AS --autonomous system. An IP term to describe a routing domain that has its own independent routing policy and is administered by a single authority. Equivalent to the OSI term "routing domain."
BGP --Border Gateway Protocol. Interdomain routing protocol that exchanges reachability information with other BGP systems.
CLNS --Connectionless Network Service . An OSI network-layer protocol.
CMIP --Common Management Information Protocol. In OSI, a network management protocol created and standardized by ISO for the monitoring and control of heterogeneous networks.
DCC --data communications channel.
DCN --data communications network.
ES-IS --End System-to-Intermediate System. OSI protocol that defines how end systems (hosts) announce themselves to intermediate systems (routers).
FTAM --File Transfer, Access, and Management.
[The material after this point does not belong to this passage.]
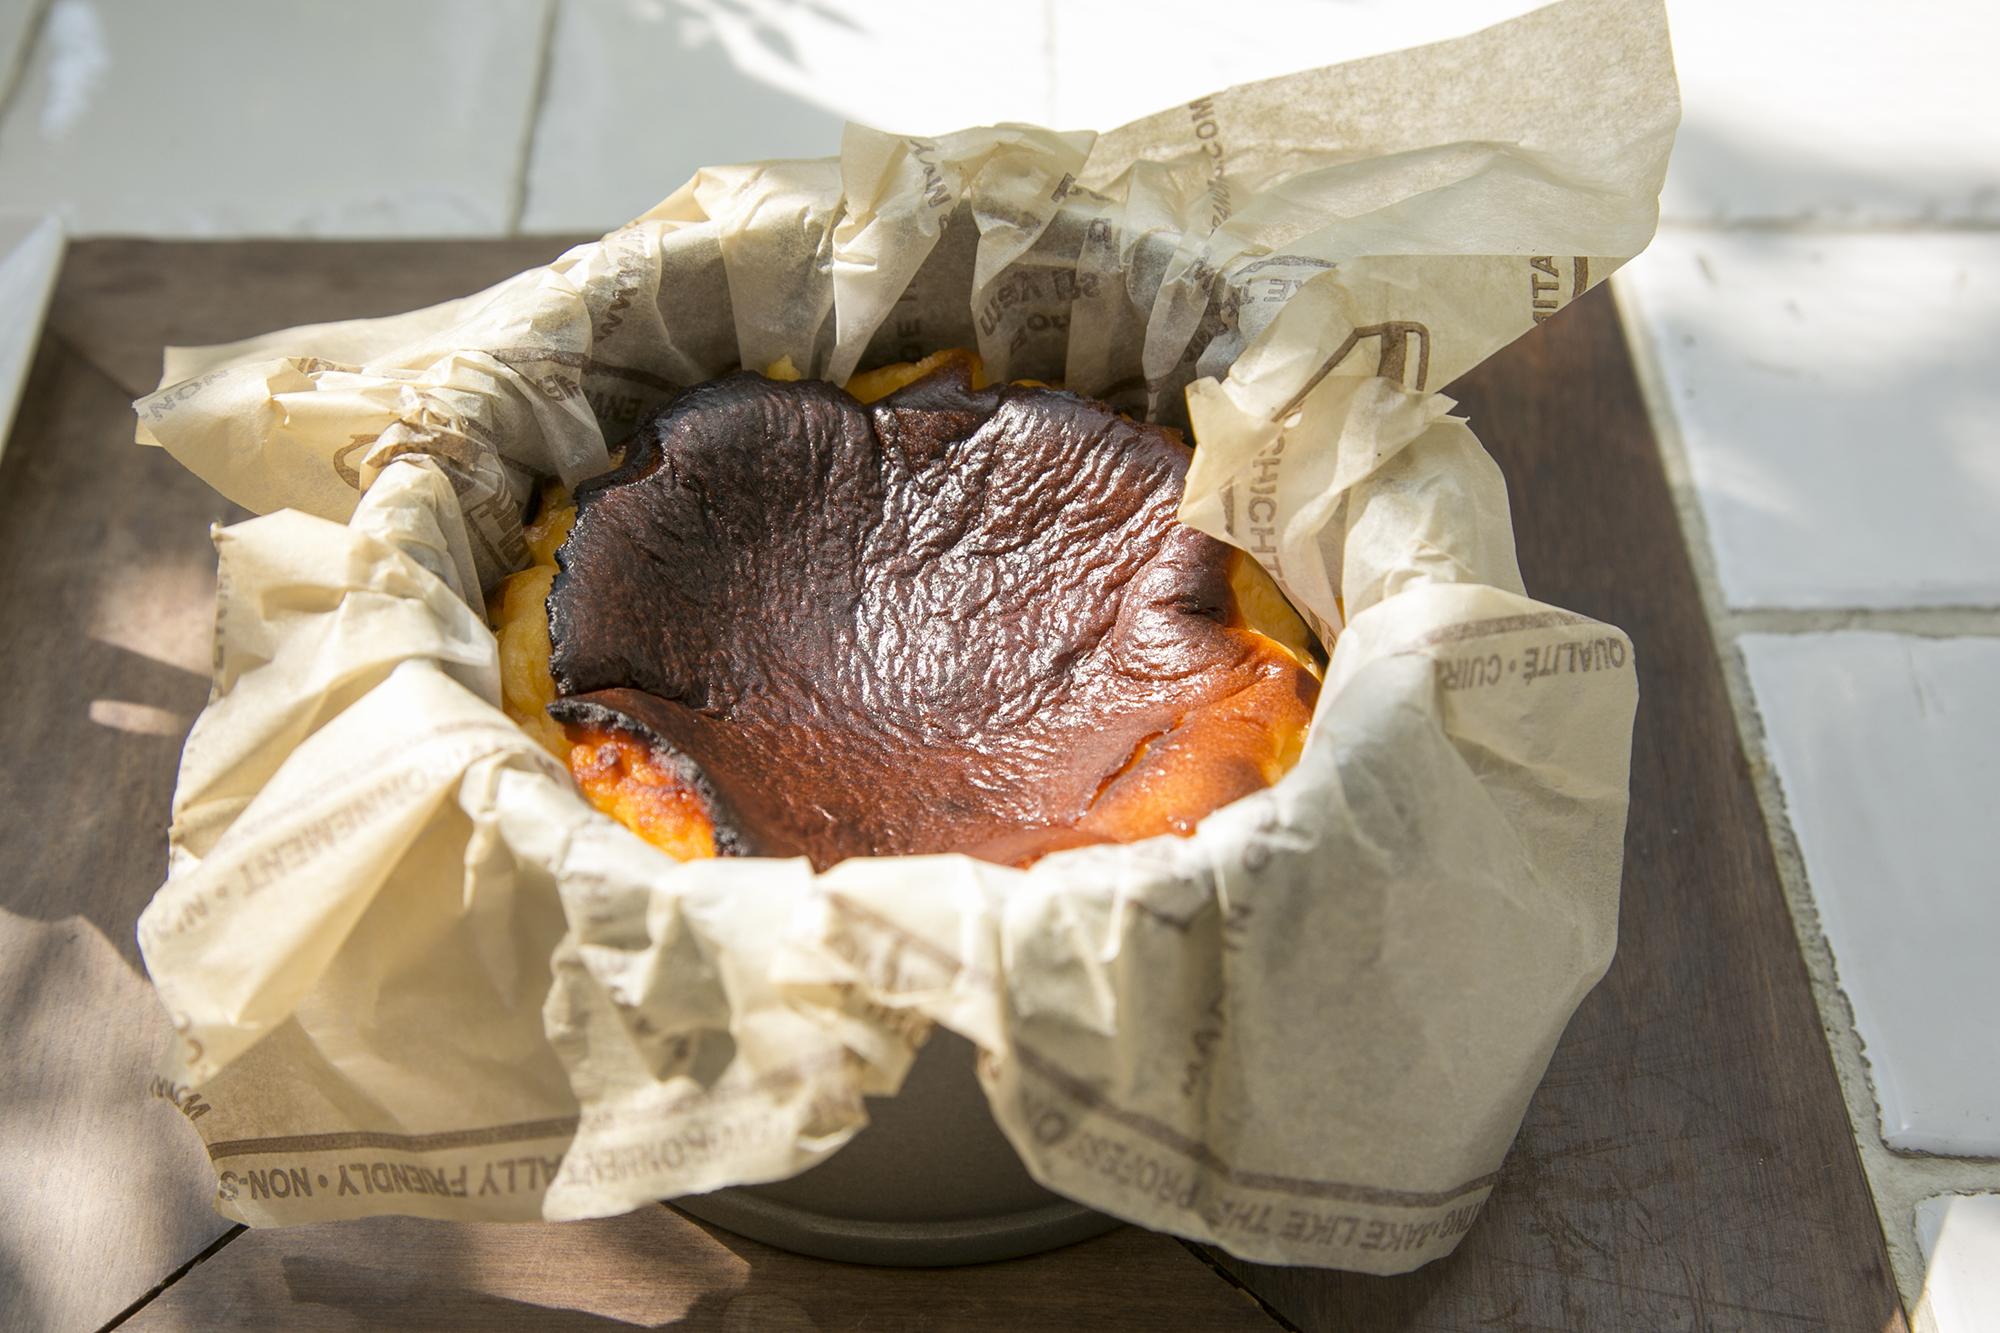 チーズ好きにもスイーツ好きにもおすすめなのは、ガーデン&クラフツ カフェのコルテッツァチーズケーキ。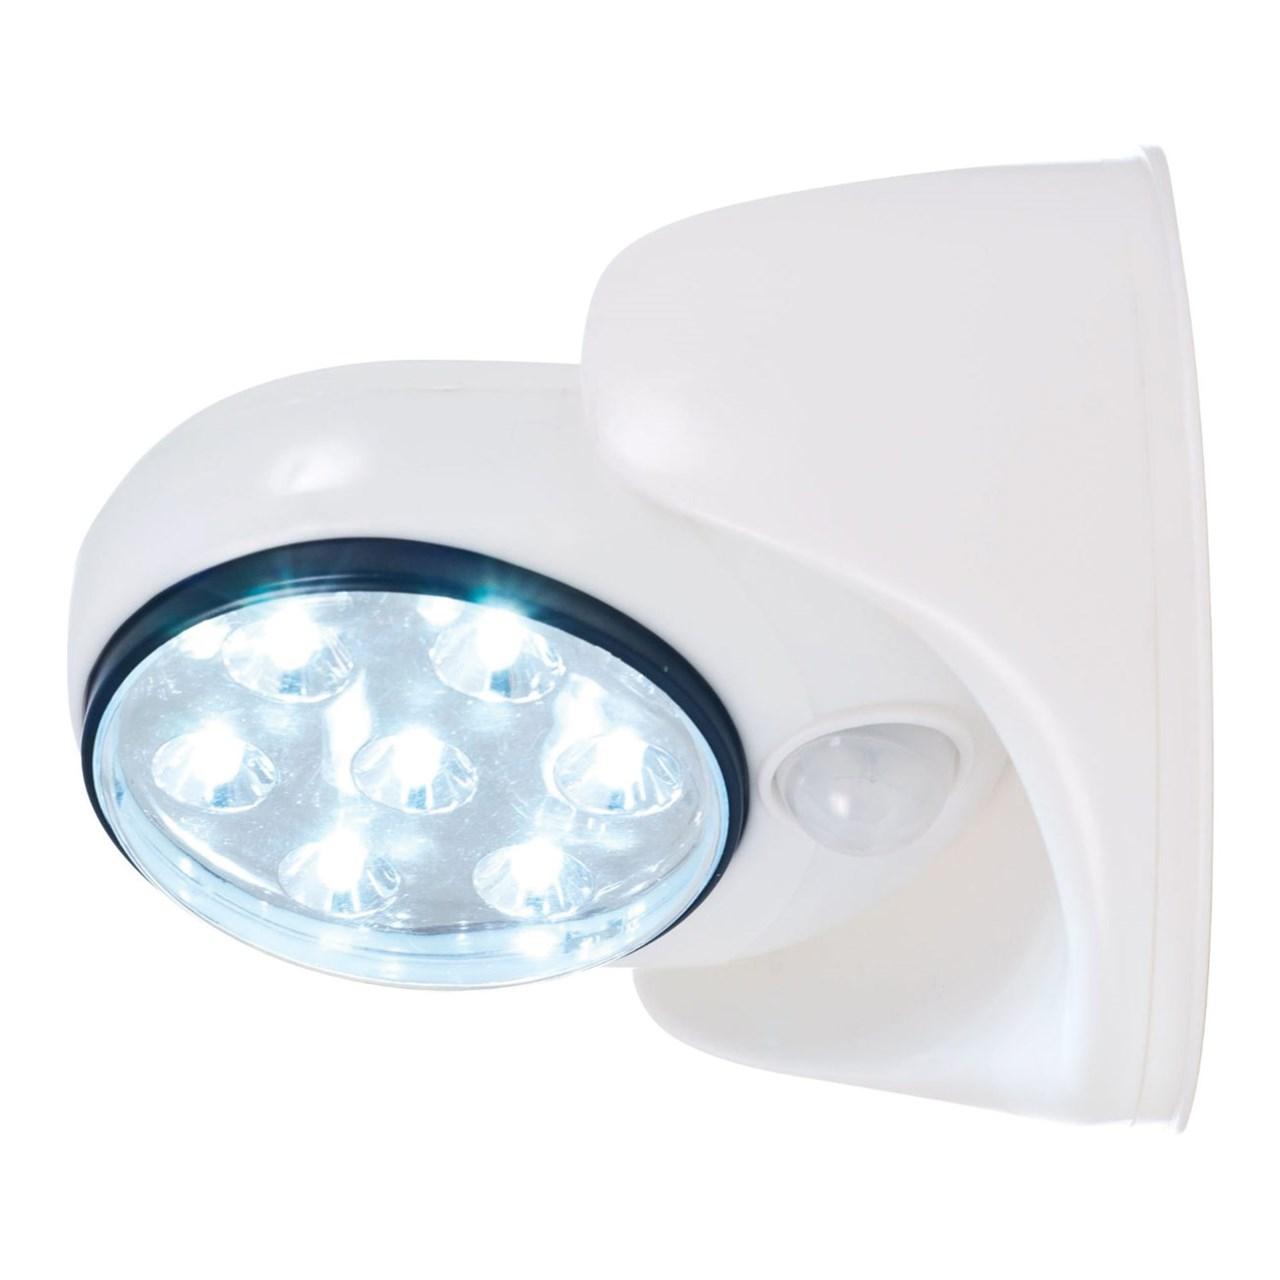 Đèn led siêu sáng cảm biến tự động Light Angel xoay được

In OSI, an application-layer protocol developed for network file exchange and management between diverse types of computers.
IGP --Interior Gateway Protocol. Internet protocol used to exchange routing information within an autonomous system.
IGRP --Interior Gateway Routing Protocol. A proprietary Cisco protocol developed to address the issues associated with routing in large, heterogeneous networks.
IS --intermediate system. Routing node in an OSI network.
IS-IS --Intermediate System-to-Intermediate System. OSI link-state hierarchical routing protocol based on DECnet Phase V routing, where routers exchange routing information based on a single metric, to determine network topology.
ISO --International Organization for Standardization. International organization that is responsible for a wide range of standards, including those relevant to networking. ISO developed the Open System Interconnection (OSI) reference model, a popular networking reference model.
NSAP address --network service access point address. The network address format used by OSI networks.
OSI --Open System Interconnection. International standardization program created by ISO and ITU-T to develop standards for data networking that facilitate multivendor equipment interoperability.
routing domain --The OSI term that is equivalent to autonomous system for BGP.
SDH --Synchronous Digital Hierarchy. Standard that defines a set of rate and format standards that are sent using optical signals over fiber.
SONET --Synchronous Optical Network. High-speed synchronous network specification designed to run on optical fiber.